Fern Rock is a neighborhood in the upper North Philadelphia section of Philadelphia, Pennsylvania bounded by Olney to the east, Ogontz to the west, Logan to the south, and East Oak Lane to the north. It is approximately situated between Broad Street, Tabor Road, 7th Street, Godfrey Avenue and Fisher Park. Fern Rock borders Ogontz at Broad Street, Logan at Olney Avenue, East Oak Lane at Godfrey Avenue, and Olney at the train tracks.  

The northern terminus of the Broad Street Line subway is located in Fern Rock at the Fern Rock Transportation Center.
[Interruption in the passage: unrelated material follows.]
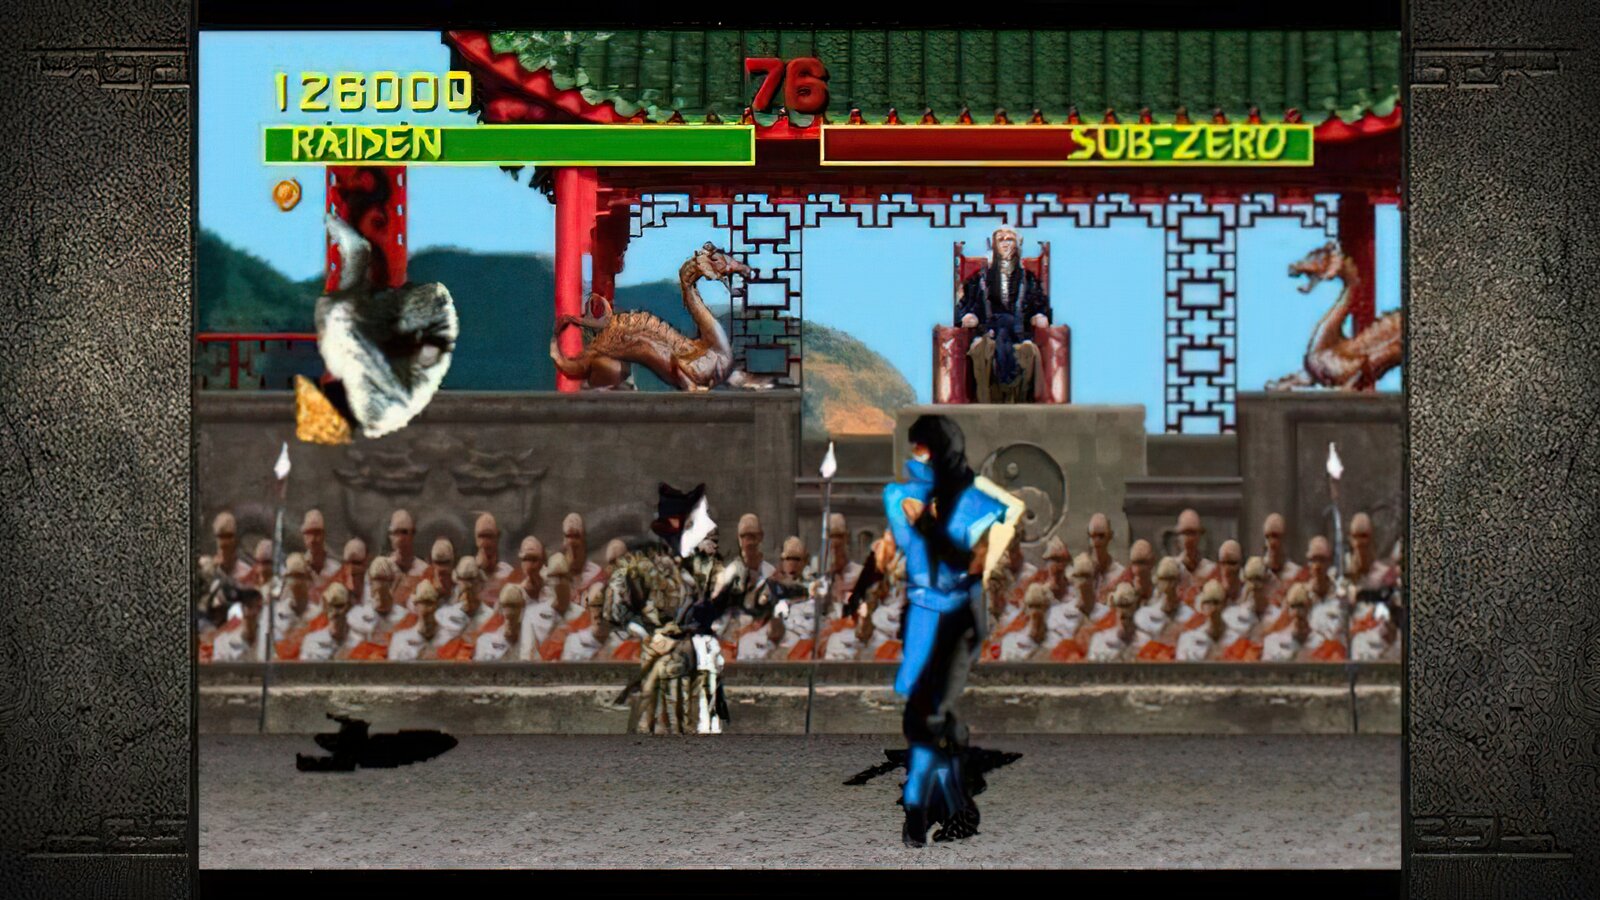 Mortal Kombat - Arcade Kollection

Three SEPTA Regional Rail lines also run through this station. 

The Pennsylvania College of Optometry is located in the 1200 block of West Godfrey Avenue. 

The area is a mix of 1920s-style row homes, a few high-rise apartment buildings near York and Chelten, some older twins and single homes, especially near 13th St and Spencer St, formerly known as Green Lane, along with various commercial strips along Broad Street, Olney Avenue in and around Broad Street, and the 5700-5900 block of Old York Road.

Etymology of the name Fern Rock

The neighborhood is named after the ancestral estate of Elisha Kent Kane, a renowned arctic explorer and naval surgeon from Philadelphia.

Demographics

The neighborhood is a fairly stable, predominantly Black-American area.

Education

Pennsylvania College of Optometry (Eye Institute) and Community College of Philadelphia (Northwest Center) are located in the Fern Rock neighborhood. There are also colleges within a short distance:  La Salle University (Logan), Salus University (Elkins Park), and Gratz College (Melrose Park).